Records from a data source:

○ ○ ○ ○ ○ ○ ○

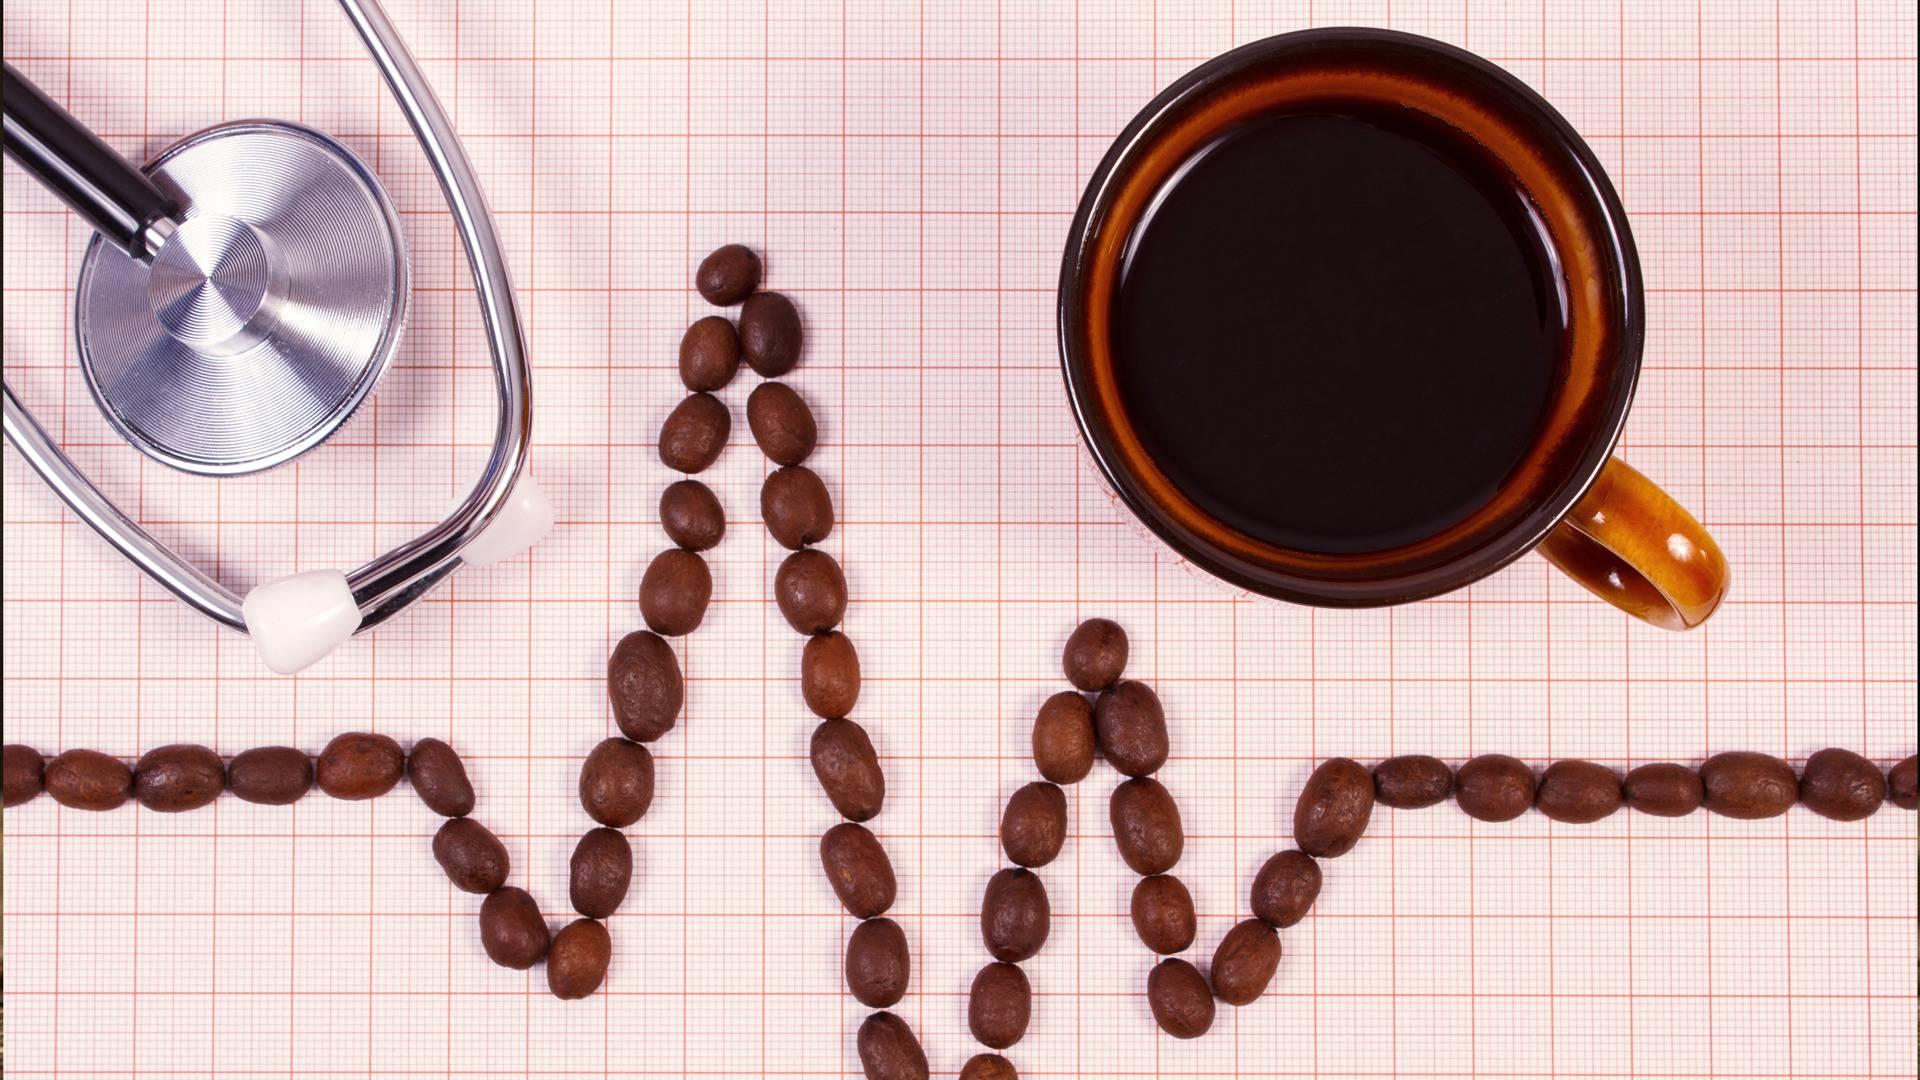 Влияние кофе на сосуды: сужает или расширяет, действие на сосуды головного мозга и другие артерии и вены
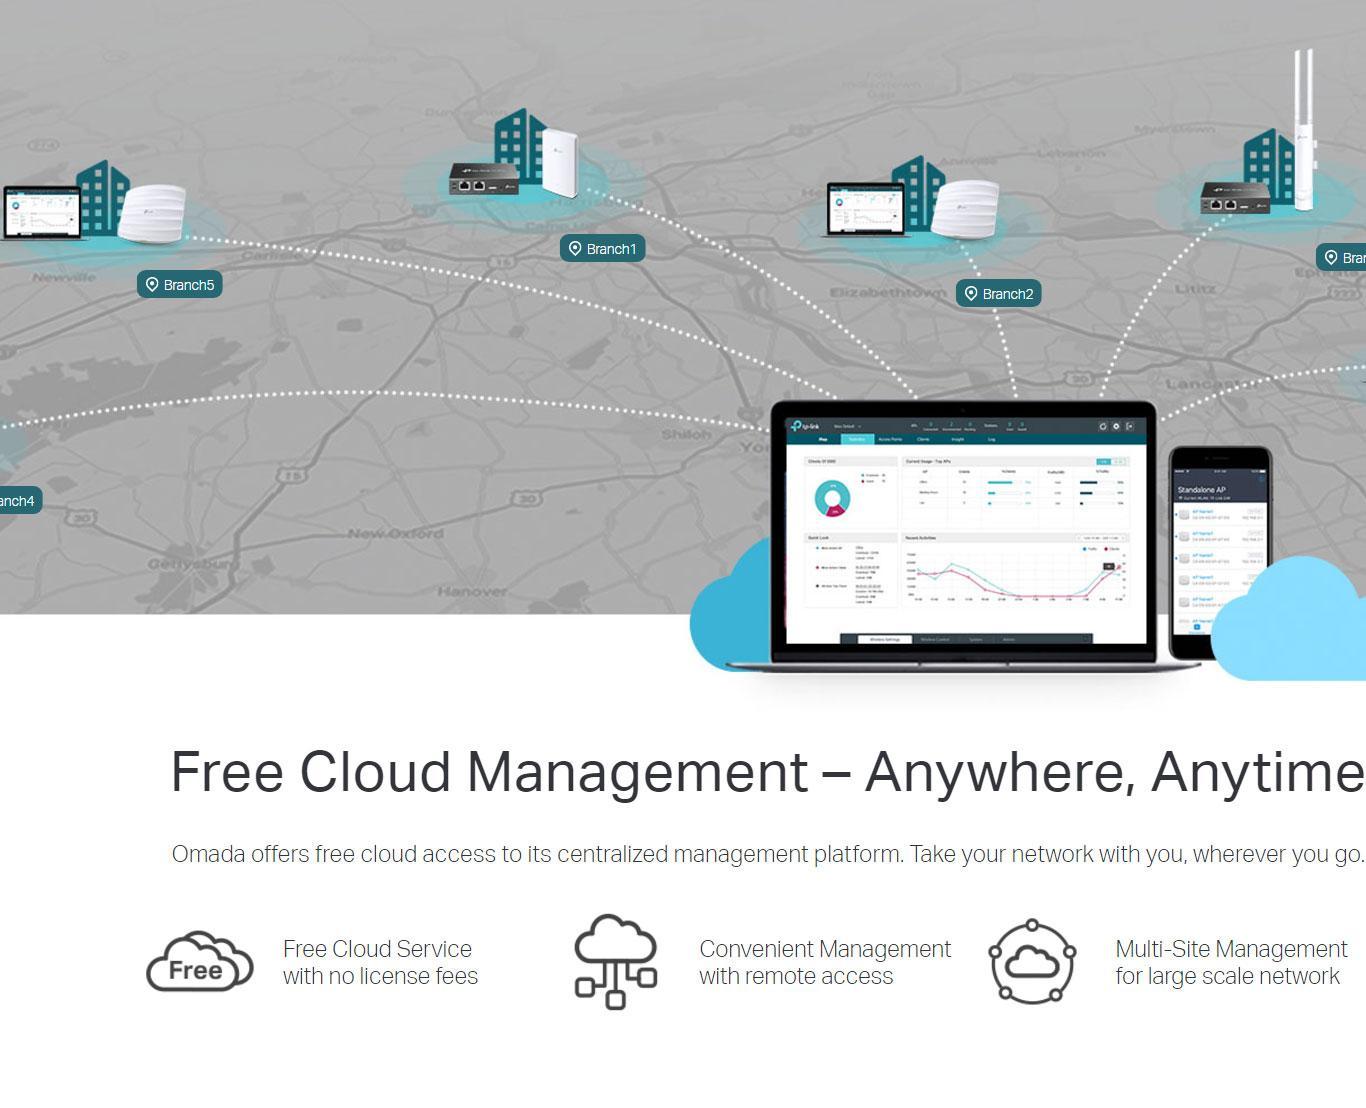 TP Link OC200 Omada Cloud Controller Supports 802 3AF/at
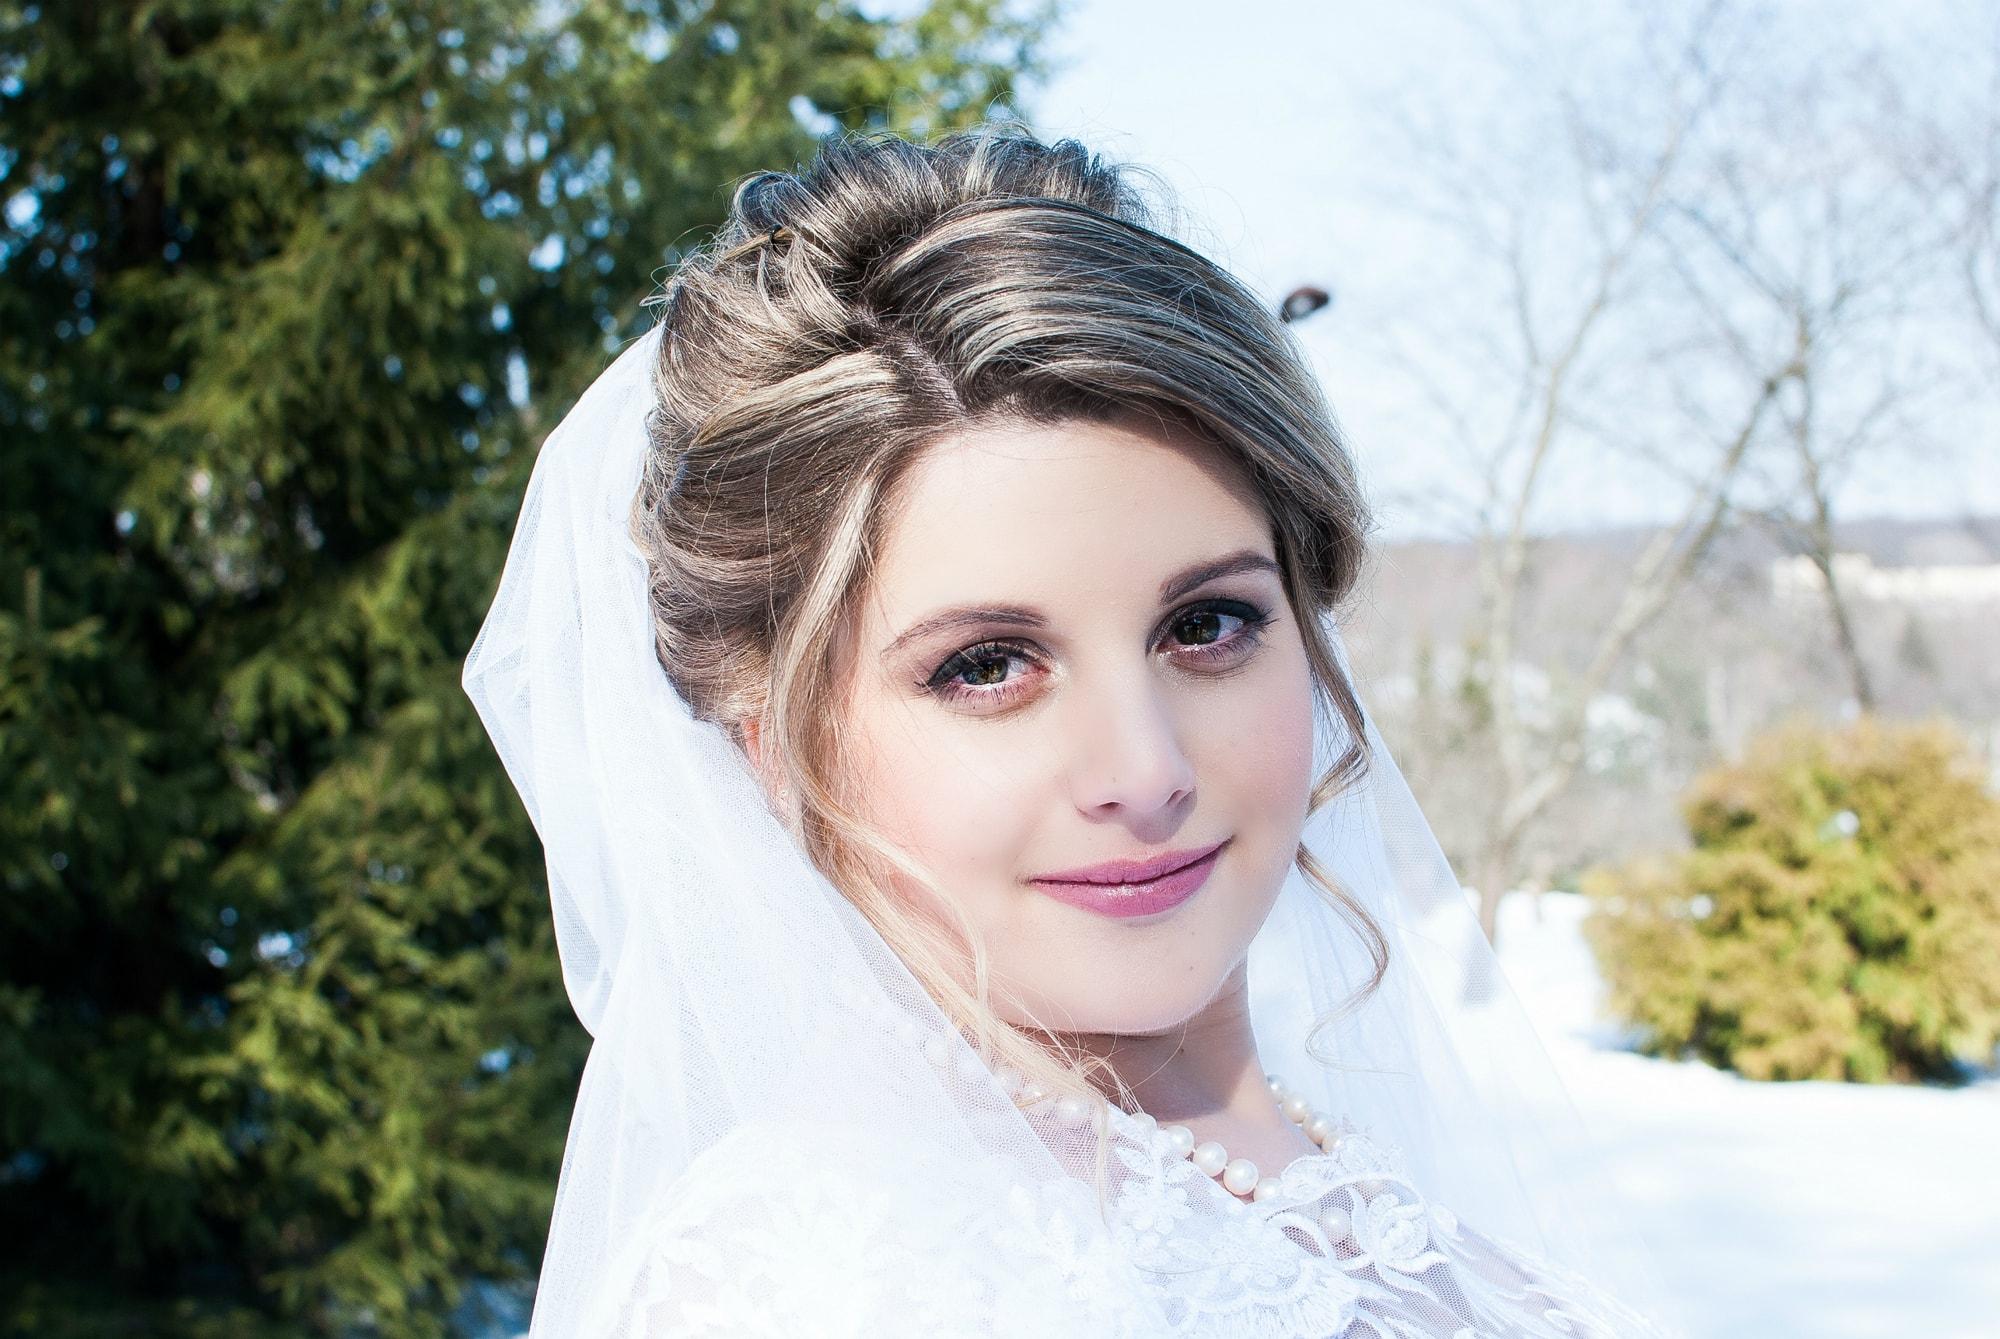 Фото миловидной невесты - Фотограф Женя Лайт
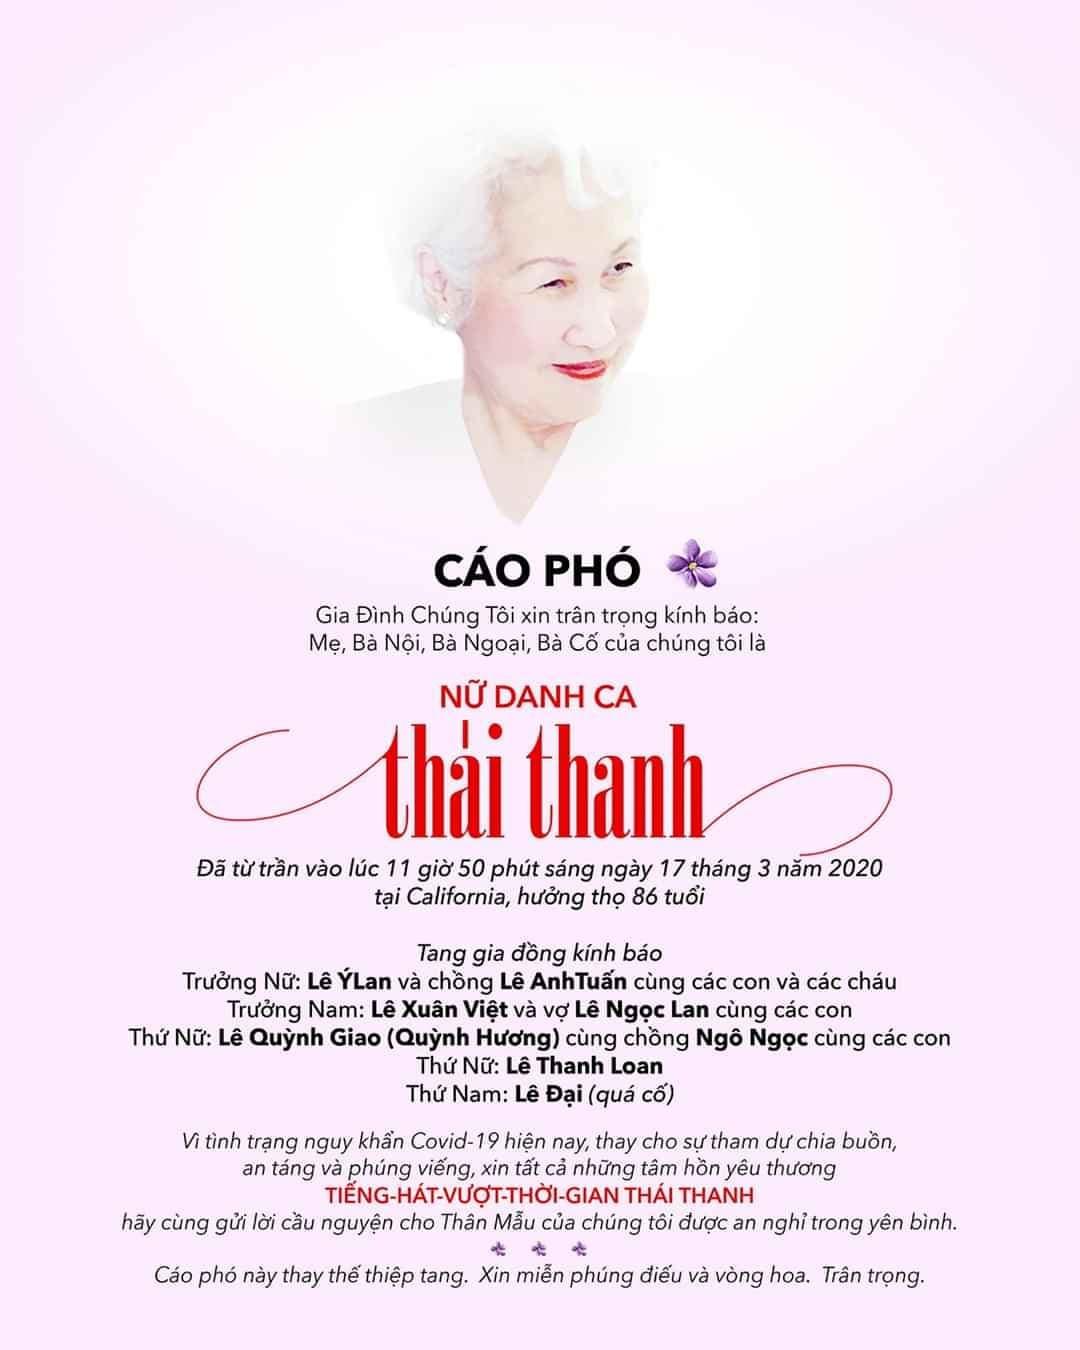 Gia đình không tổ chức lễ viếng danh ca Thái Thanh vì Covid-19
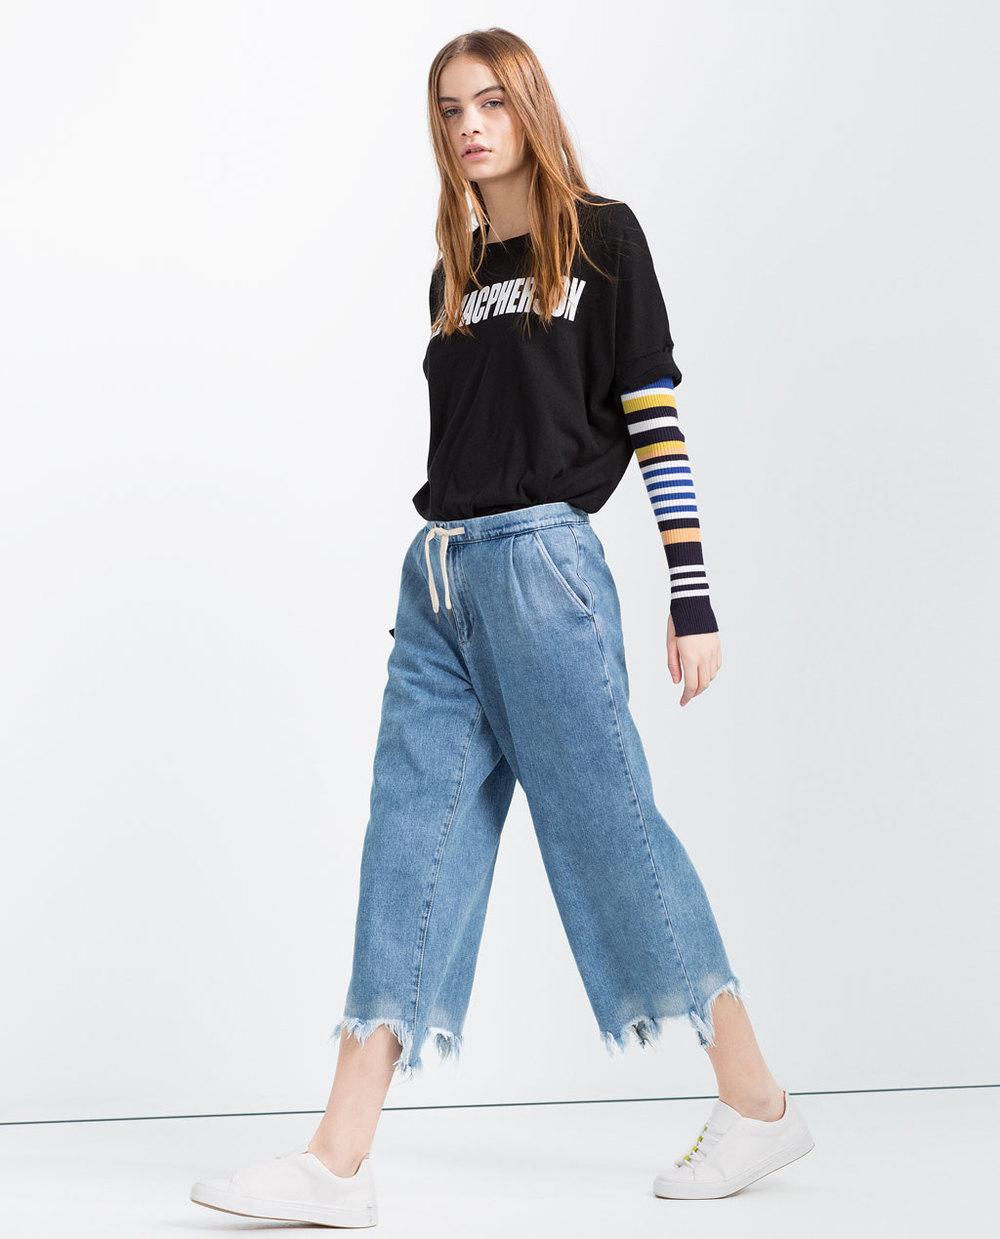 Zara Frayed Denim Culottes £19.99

○ ○ ○ ○ ○ ○ ○

■ Exercise: Word-for-word output of every record is needed, with images omitted.

■ Answer to this exercise:
 Влияние кофе на сосуды: сужает или расширяет, действие на сосуды головного мозга и другие артерии и вены
 TP Link OC200 Omada Cloud Controller Supports 802 3AF/at
 Фото миловидной невесты - Фотограф Женя Лайт
 Gia đình không tổ chức lễ viếng danh ca Thái Thanh vì Covid-19
 Zara Frayed Denim Culottes £19.99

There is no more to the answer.